Title: Re: McDonalds serves up a McVirus in Japan
Post by: Newby on October 15, 2006, 07:37:52 pm
I want a free mp3 player. I'd love to see it read my ext3 file system and collect my passwords. :)
Title: Re: McDonalds serves up a McVirus in Japan
Post by: Sidoh on October 15, 2006, 07:49:38 pm
ROFL ! ROFL ! ROFL !
Title: Re: McDonalds serves up a McVirus in Japan
Post by: AntiVirus on October 15, 2006, 07:51:56 pm
Lmao!!  That's awesome.
Title: Re: McDonalds serves up a McVirus in Japan
Post by: Blaze on October 15, 2006, 10:16:53 pm
Lmao!!  That's awesome.

I have to agree.  :)
Title: Re: McDonalds serves up a McVirus in Japan
Post by: Chavo on October 15, 2006, 11:24:38 pm
Agreed.  Fan-friggin-tastic.
Title: Re: McDonalds serves up a McVirus in Japan
Post by: Quik on October 16, 2006, 12:25:54 am
Who wrote the code that was on the mp3 players in the first place?
Title: Re: McDonalds serves up a McVirus in Japan
Post by: Mythix on October 16, 2006, 12:34:29 am
It's pretty obvious. The scamburglar.

(http://www.lowculture.com/archives/images/hamburglar.jpg)
Title: Re: McDonalds serves up a McVirus in Japan
Post by: iago on October 16, 2006, 09:43:23 am
I want a free mp3 player. I'd love to see it read my ext3 file system and collect my passwords. :)
That brings up another point that I think is dumb -- computers that will automatically run files off untrusted hardware.  I still think autorun was one of the dumber "features"
Title: Re: McDonalds serves up a McVirus in Japan
Post by: Chavo on October 16, 2006, 09:53:20 am
It doesn't auto-run, it brings up a prompt asking the user to do one of a few things such as open a file explorer or run a program on the device that it wants to run (usually a device controller/setup), or do nothing.  I believe KDE has a very similar feature...

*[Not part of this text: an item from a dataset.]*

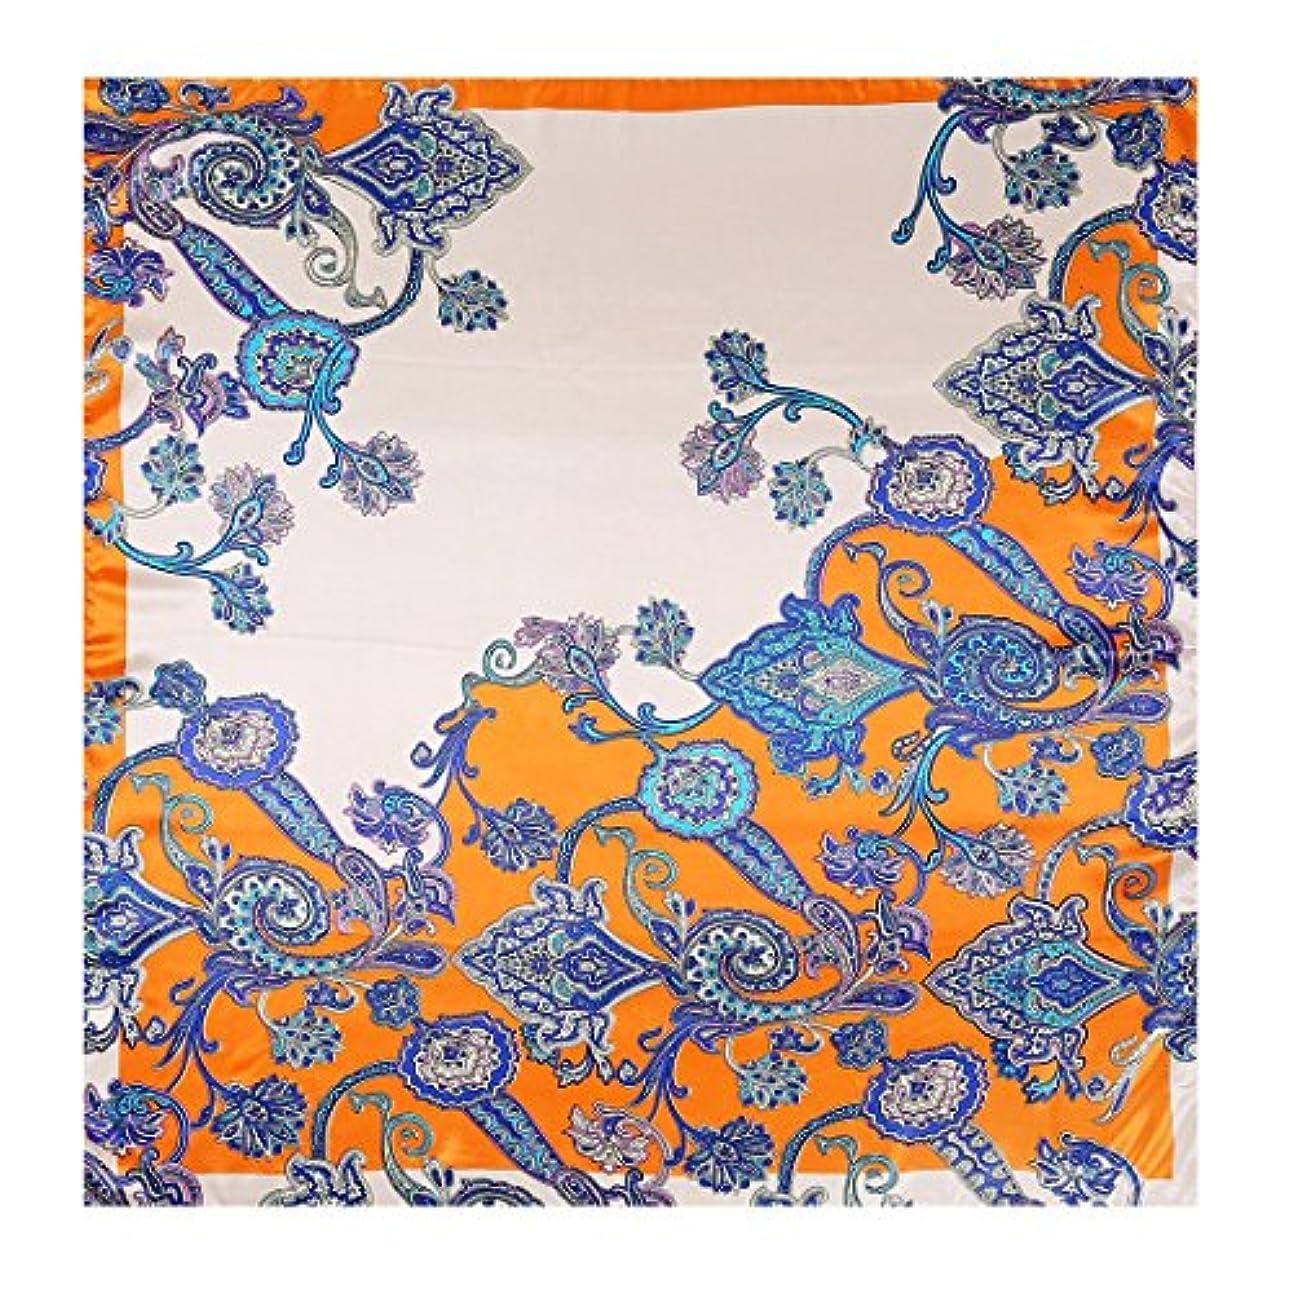 折証人酸素CATYAA カシューフラワークラシックサテンプリントスクエアタオルスカーフスカーフ女性のショール (Color : イエロー, サイズ : 90 * 90cm)

AFAIK the only thing it auto-runs is the plug and play driver
Title: Re: McDonalds serves up a McVirus in Japan
Post by: AntiVirus on October 16, 2006, 11:08:09 am
It's pretty obvious. The scamburglar.

(http://www.lowculture.com/archives/images/hamburglar.jpg)
L M F A O!!
Title: Re: McDonalds serves up a McVirus in Japan
Post by: iago on October 16, 2006, 11:20:39 am
It doesn't auto-run, it brings up a prompt asking the user to do one of a few things such as open a file explorer or run a program on the device that it wants to run (usually a device controller/setup), or do nothing.  I believe KDE has a very similar feature...

AFAIK the only thing it auto-runs is the plug and play driver
I think if there's an autorun.inf file, it auto-runs it (like a CD). 

And if KDE does that, then KDE is also stupid. 
Title: Re: McDonalds serves up a McVirus in Japan
Post by: Chavo on October 16, 2006, 01:14:27 pm
I could be wrong, but I don't think autorun.ini applies to USB devices.
Title: Re: McDonalds serves up a McVirus in Japan
Post by: iago on October 16, 2006, 01:41:27 pm
I could be wrong, but I don't think autorun.ini applies to USB devices.
I can't find any for-sure info about it.  It seems like speculation and other random FUD. 
Title: Re: McDonalds serves up a McVirus in Japan
Post by: Chavo on October 16, 2006, 05:27:02 pm
I tried creating an autorun.inf (typo earlier) file on my usb drive and could not get it to run the exe specified by autorun.inf even on a machine that had never previously been connected to the usb drive.
Title: Re: McDonalds serves up a McVirus in Japan
Post by: Warrior on October 16, 2006, 07:00:01 pm
...you can't be serious.

Title: Re: McDonalds serves up a McVirus in Japan
Post by: iago on October 16, 2006, 07:31:34 pm
I tried creating an autorun.inf (typo earlier) file on my usb drive and could not get it to run the exe specified by autorun.inf even on a machine that had never previously been connected to the usb drive.

I was googling about it, and there's a lot of suggestions about how to do it, but nothing sounded like the end-all solution.  I always assumed you could, but never really tested it. 

So if I want to infect people, I guess I'll stick to putting my virus on a CD with auto-run and leaving the CD laying around.  I forget where I read about that (maybe in Mitnick's book, but I'm not sure), but in a large-scale pen-test they left CDs containing a trojan laying around the building they were testing, and a lot of people put them in their computers.

Using your imagination, there are tons of ways you could convince somebody to put an evil CD into their computer.  And that's why I think autorun is evil. 

...you can't be serious.
Who?  And about what?  You have to quote when you say something like that.
Title: Re: McDonalds serves up a McVirus in Japan
Post by: Warrior on October 16, 2006, 07:48:35 pm
This whole mcdonalds mp3 players malware thing..
Title: Re: McDonalds serves up a McVirus in Japan
Post by: Chavo on October 16, 2006, 10:04:02 pm
Using your imagination, there are tons of ways you could convince somebody to put an evil CD into their computer.  And that's why I think autorun is evil. 
I think autorun was designed to give virus writers an easy way to target only people who don't use VMWare
Title: Re: McDonalds serves up a McVirus in Japan
Post by: iago on October 17, 2006, 08:26:47 am
Ok, I did some research, and yes, you can do auto-run on USB.  You have to make the main partition CDFS partition, so that it's recognized as a CD. 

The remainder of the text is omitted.